But what if we wanted to go a level deeper, to understand a little bit more in depth, what people thought and said about our conference? What if we wanted to build a map, that shows all the topics that were discussed, the sentiment around them, and how these two things evolved with time? That's what we're going to explore in this series of blogs.
Over a 5 day period, we collected about 77,000 tweets about the Web Summit 2015 using the Twitter Streaming API and in this blog series, we're going to explore them and see what we can extract.

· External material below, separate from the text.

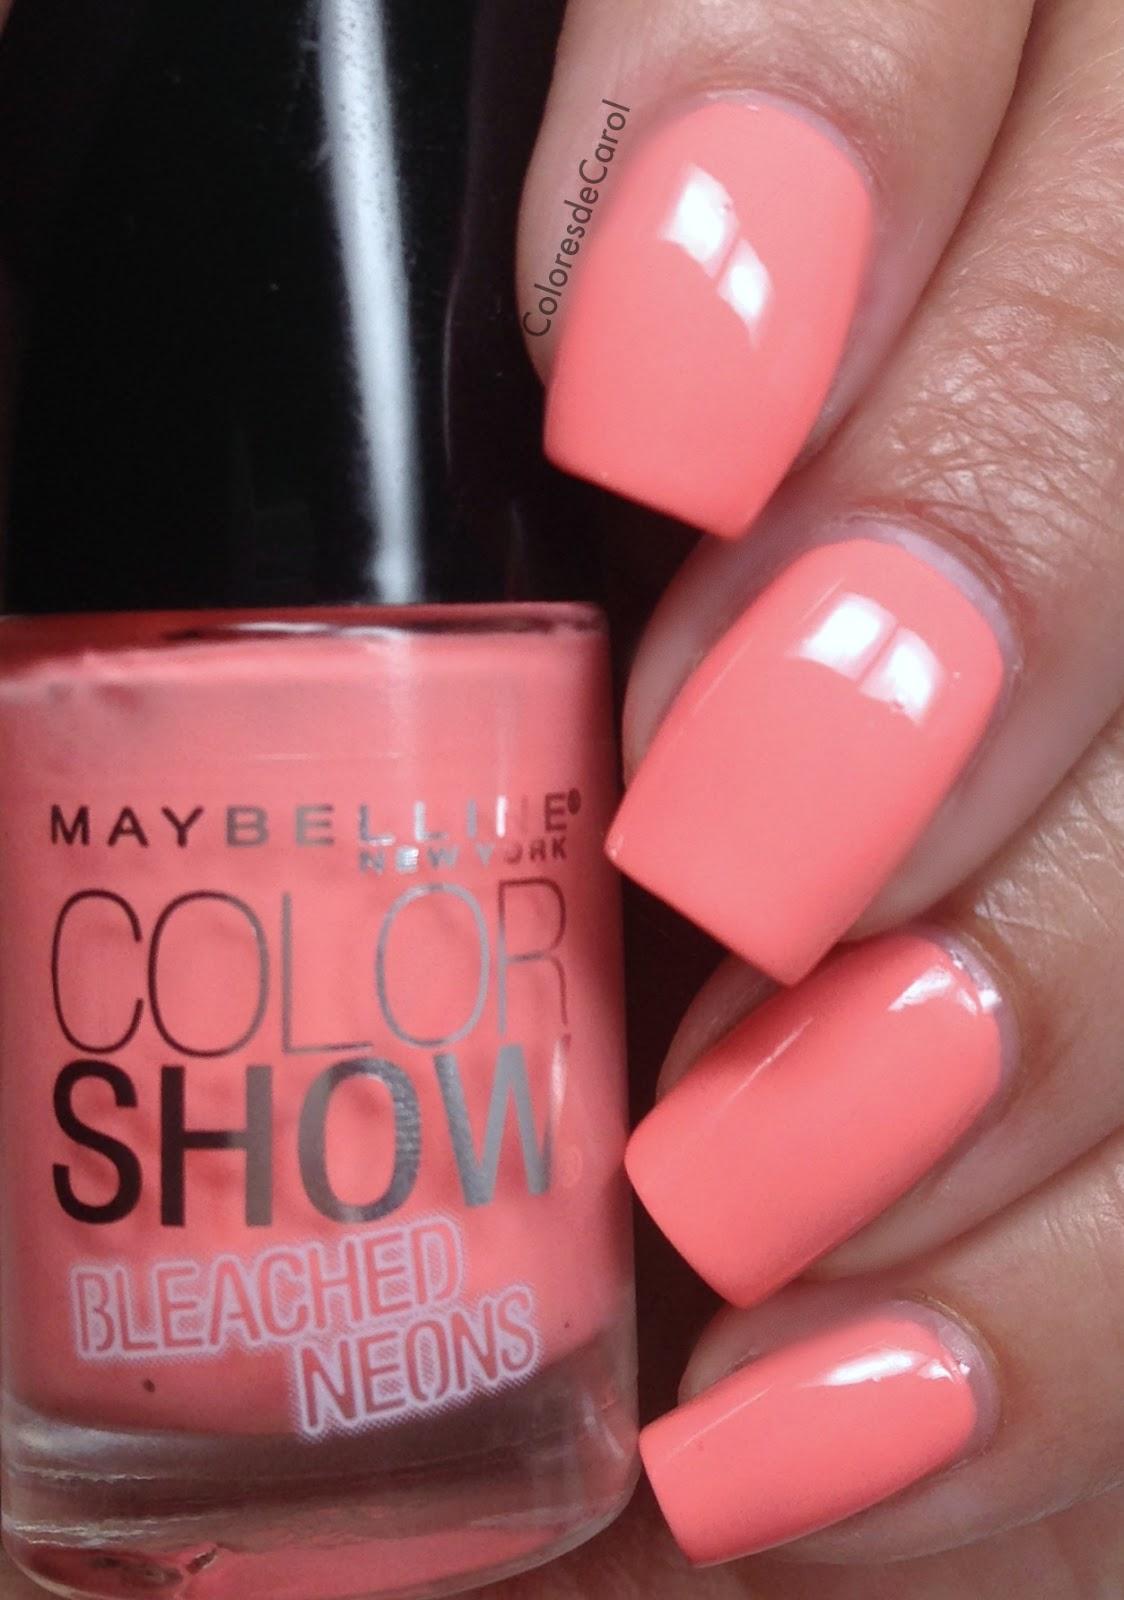 Colores de Carol: Maybelline Bleached Neons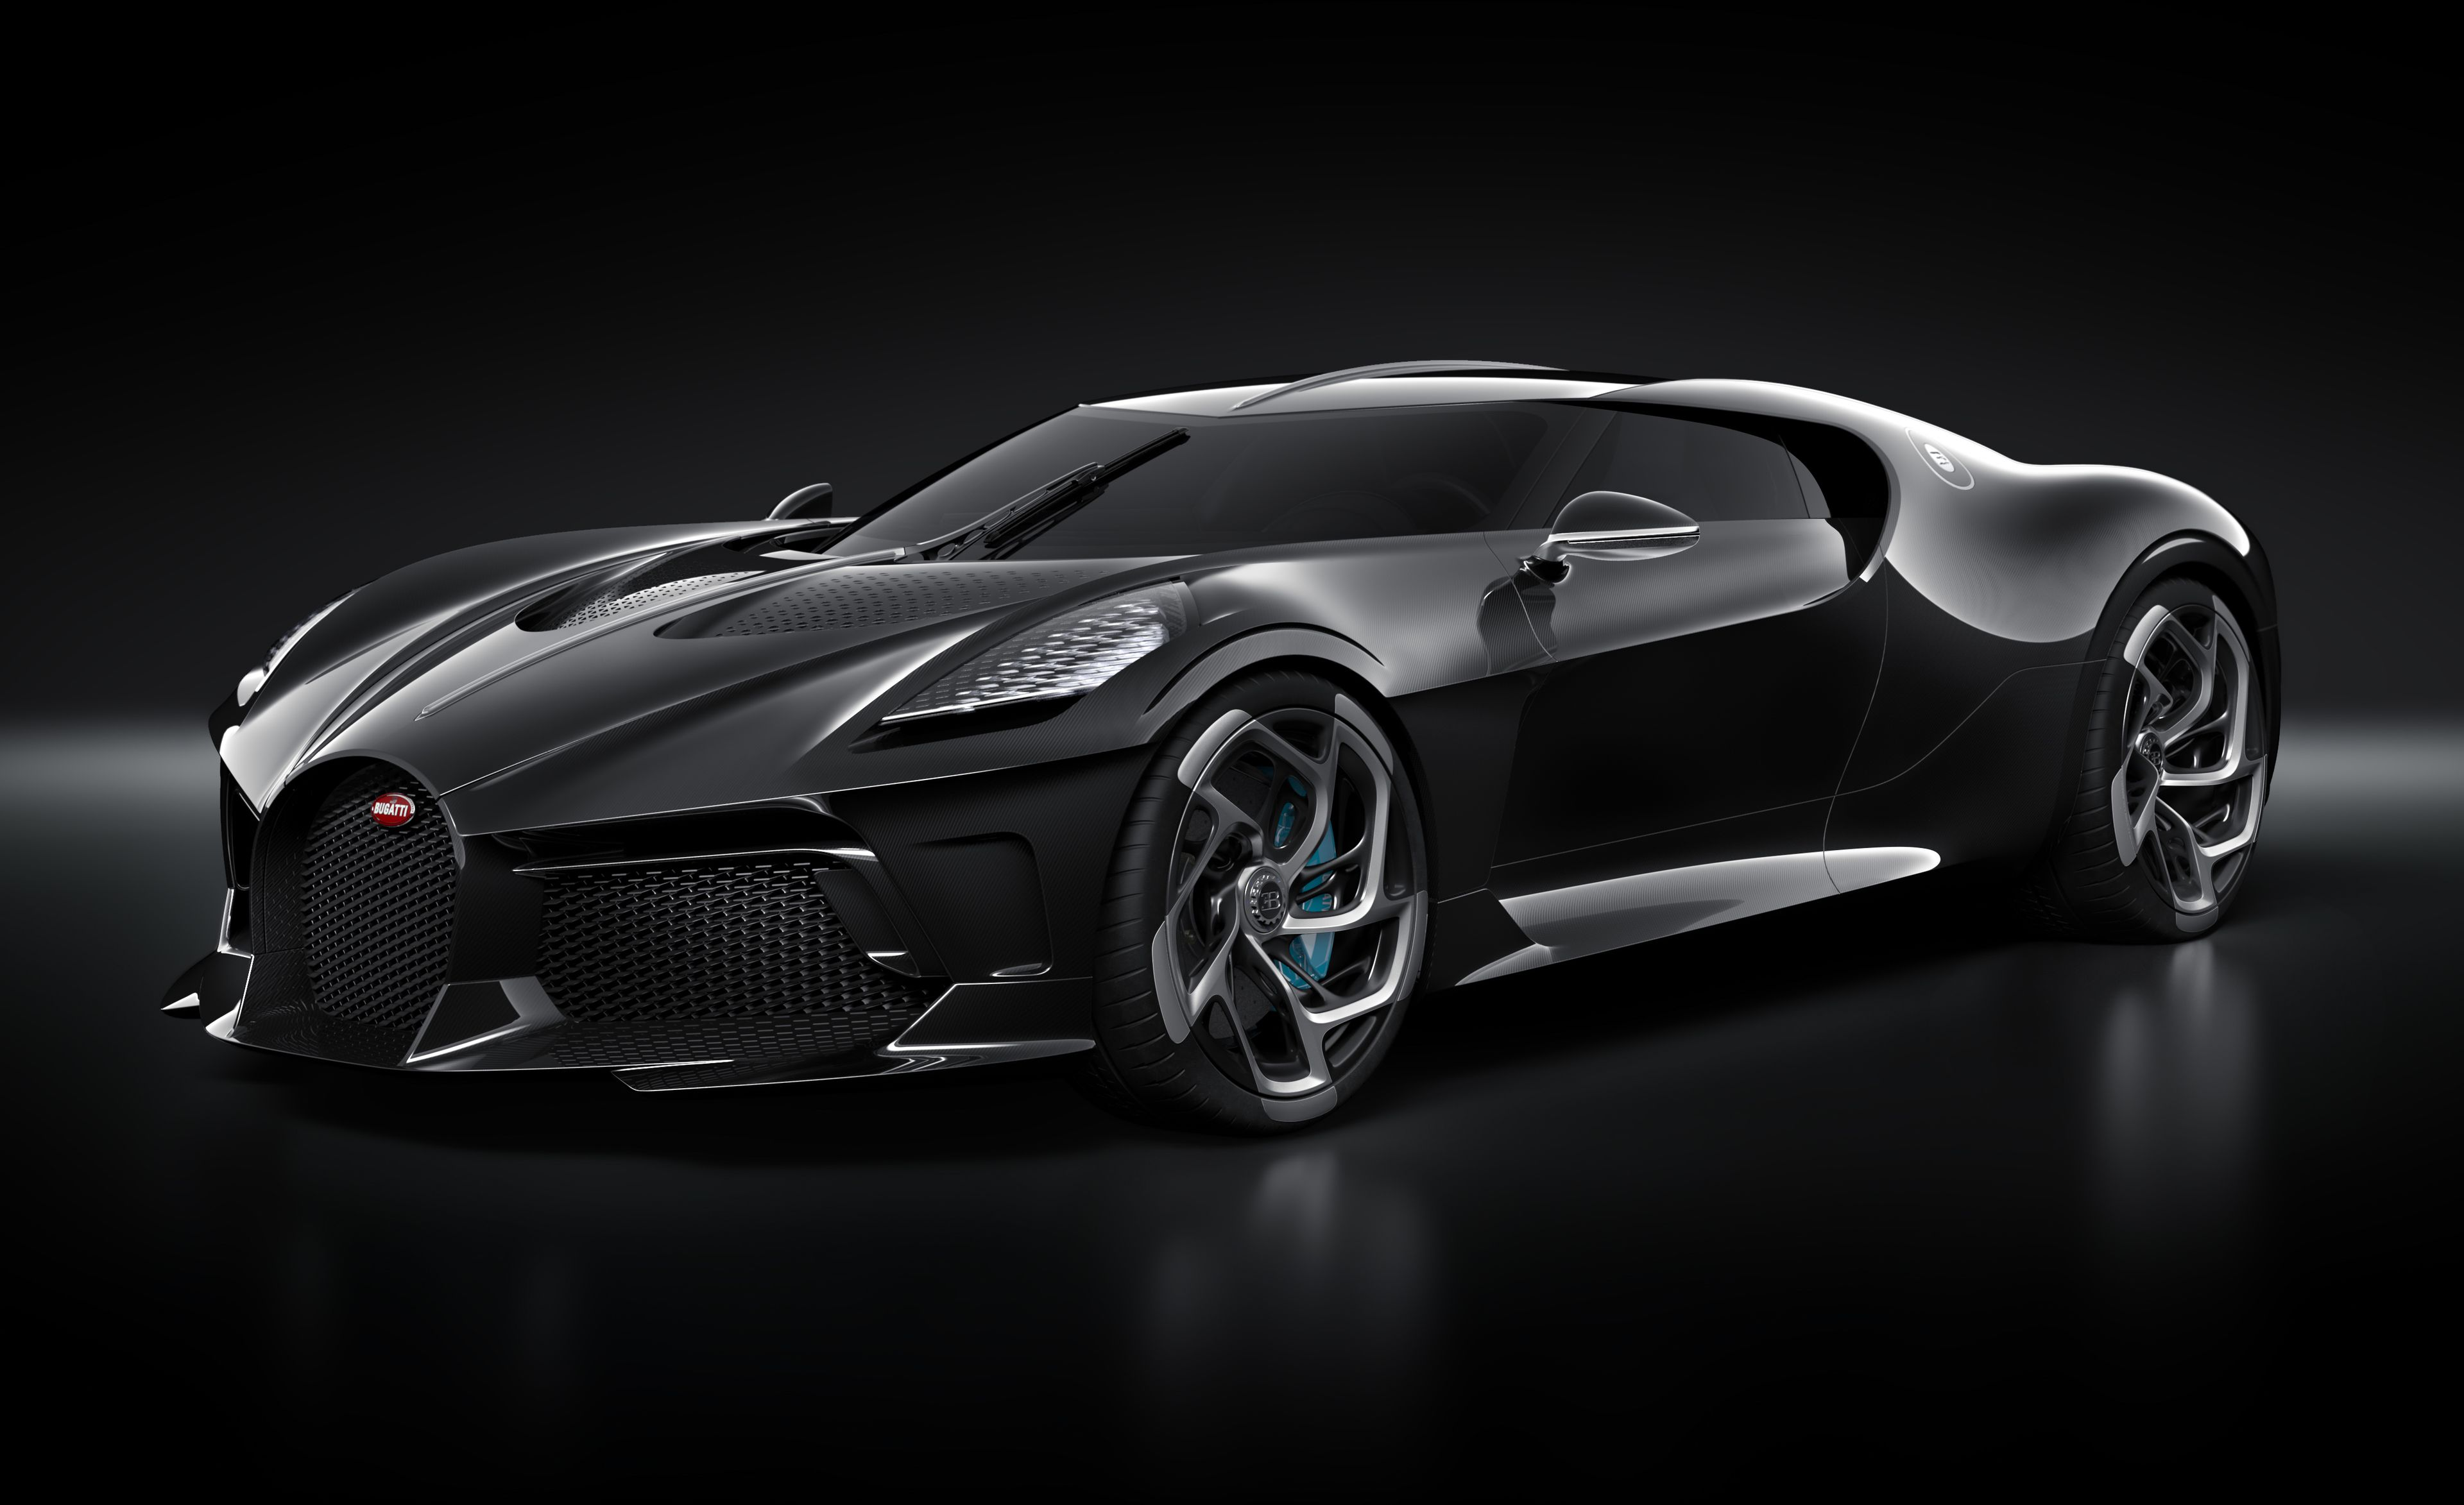 Роналдо купи единствената La Voiture Noire на Bugatti

Note: This is a step by step guide which contains all you need to accomplish (almost) the same results, so feel free to try it for yourself.
In the first part of this series, we're going to build a 2D map of the tweets that we've collected, to get a better sense of what people talked about at a high level. We're going to try and put the similar tweets closer together on this map, and the dissimilar ones further apart.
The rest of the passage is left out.